She snorted, taking a big, long gulp of her drink. “Yeah, you’re that type.”
“Type?”
“Mr. Super Yuppie. That’s your superhero name.”
Perhaps sober, practical Charlie would be offended, but relaxed, inebriated Charlie found it funny. And true. It was like this day had separated him from his life and he saw what a joke it all was.
So he laughed and polished off that fourth drink no matter how irresponsible it was. How would he get home? How would Goat Girl, er, Capra Crusader, get home? Eh, he’d figure it out. Later. “Super Yuppie. Well, at least I’m super at something.”
She waved a hand at him. “Oh, please, I’m sure you’re super at everything. Like I said, I know your type. Silver spoon, right? Private school. Mommy and Daddy paid for college. Oh, I know all about your type.”
“If I’m all those things, how did I end up solo at a New Benton townie bar on a Thursday night?” Because for as much of a yuppie as he might have turned into, nothing was handed to him on a silver platter.
She finished off the drink in a quick gulp, put the glass down with a thud and then leaned forward. Her dress was modest, but still, the leaning and the way her arms were crossed under her breasts meant he had a decent view. Meant he wondered if she had tattoos in other places. Meant he wondered...
“My eyes are up here, sir.”
He closed his for a second. “Sorry. Can I blame booze for my lack of manners?” When he opened his eyes, training them on her face, she was smiling.
“Manners are kind of a turnoff for me, so you’re absolved.” She pulled another drink toward her like one might hold a treasured object. “So, how did you get to a New Benton townie bar alone on a Thursday night? Decide to slum it a bit?”
“I grew up here.”
Her eyebrows drew together, her nose wrinkled. “Oh.”
“On a farm.”
Then her eyes went wide. “I...can’t picture you on a farm.”

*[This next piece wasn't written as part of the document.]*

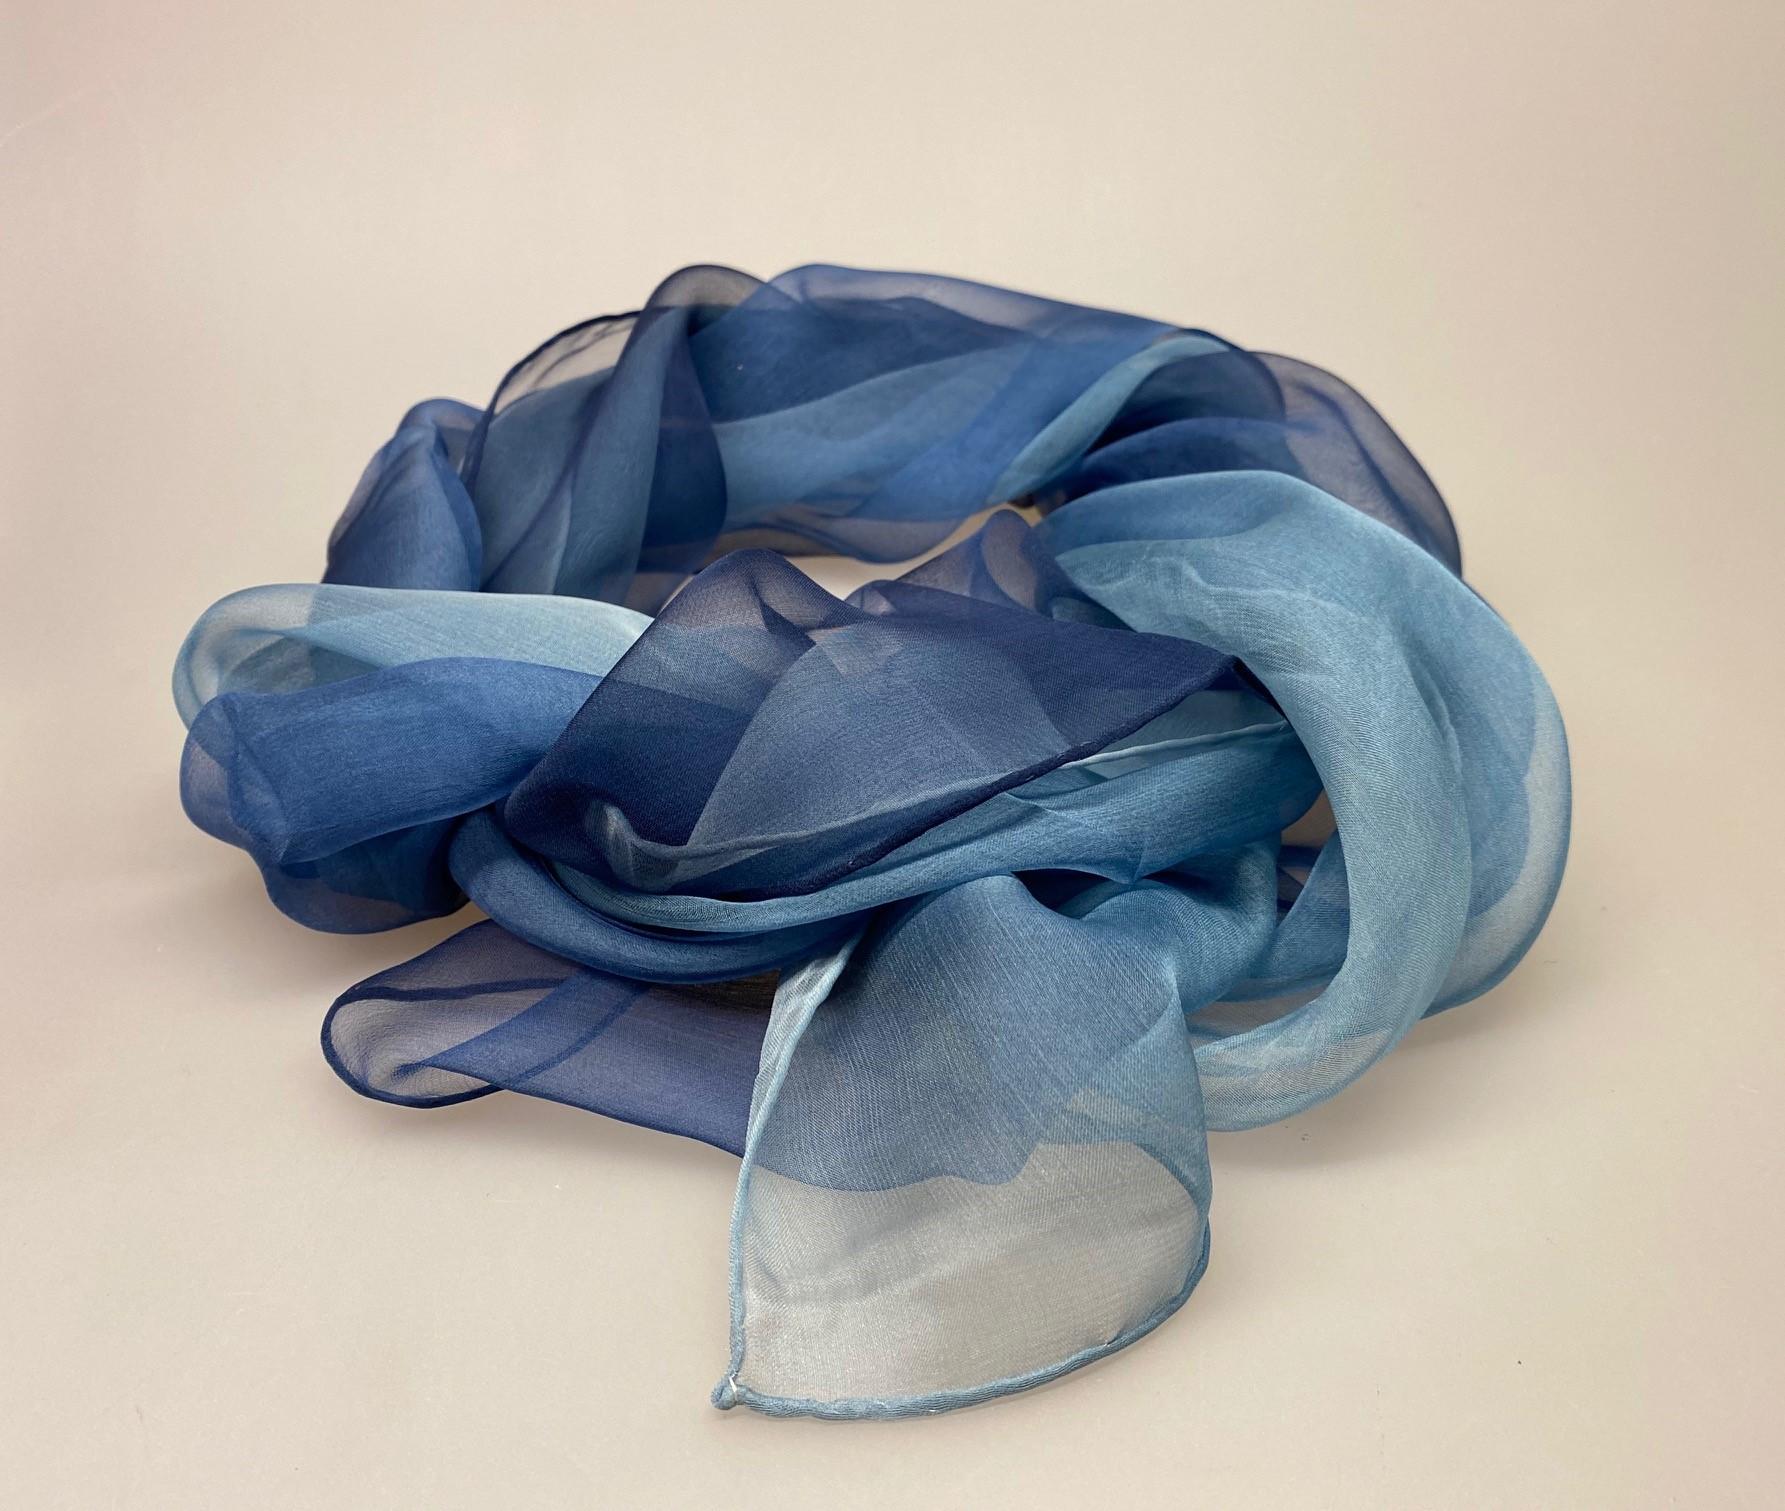 1158-044, Silkechiffon Tørklæde 1158 - Marineblå/lyseblå , jeansblå, denimblå, gråblå, mørkeblå, navyblå, marine blå, blå farver, tyndt, stort, lækkert, luksuriøst, flot, eksklusivt, stola, sjal, tørklæde, silketørklæde, ren silke, silkesjal, silkestola, biti, ribe

“No, I don’t suppose you can.”
“So, you hated it?”
He shrugged. “Hate is a strong word. I didn’t love it. My father, the farmer, really didn’t love it. So I worked my butt off to do something better with my life.”
“My farm is the best thing that ever happened to my life,” she said vehemently, reminding him much too much of Dell.
“Yeah, well, different strokes and all that.” How had they gotten to talking about farms of all damn things? He didn’t want to talk about farms. “Why are you here? What sorrows are you drowning?”
“My grandmother’s funeral.” She pointed to her modest black dress. “I got kicked out.”
“Oh. Well, you win.”
“Don’t I just?” She downed the shot, exposing the slim column of her throat, a blue light casting an eerie glow to her pale skin. “What are you drowning?”
“Hold on. How...how does someone get kicked out of her grandmother’s funeral?”
* * *
MEG KNEW THIS was all wrong. Grandma would not approve. She wasn’t popping pills or snorting anything, but alcohol had led to drugs on more than one occasion. Not that someone like Mr. Super Yuppie would have any idea how to get his hands on illegal substances.
So, really, what did getting drunk matter? It was the lesser of two evils, and if she didn’t have something loosening the tightness in her chest, she was afraid she would just...stop breathing. Drown on land.
How had she gotten kicked out of Grandma’s funeral?
“Apparently daring to show my tattoos was grounds enough to be told I couldn’t be in the church. Then I was informed I was deeply upsetting my mother, you know, by existing. So I couldn’t go to the burial site. At least not without causing a scene and...that wouldn’t be right. They aren’t right, but neither would that be.” It wasn’t anywhere close to the full story of her parents’ disdain for her, but she didn’t have years, and this man wasn’t her therapist.
She stared at the drink. Three in. She didn’t feel numb or light or any of the things getting high used to do for her. She just felt heavy and sad and she couldn’t erase the look on her mother’s face, the hurtful words from her father.
Their little failure. She meant nothing to them. A stain to the Carmichael name, the worst thing two proud, conceited, powerful people could produce.
At thirty-two she should be over it, and on the day-to-day she was, but the fact they couldn’t take a break from protecting their precious image for her grandmother’s funeral...
It made her feel like nothing and, considering that was what had shoved her into the drug scene in the first place, considering she was sitting here getting trashed, was just pathetic.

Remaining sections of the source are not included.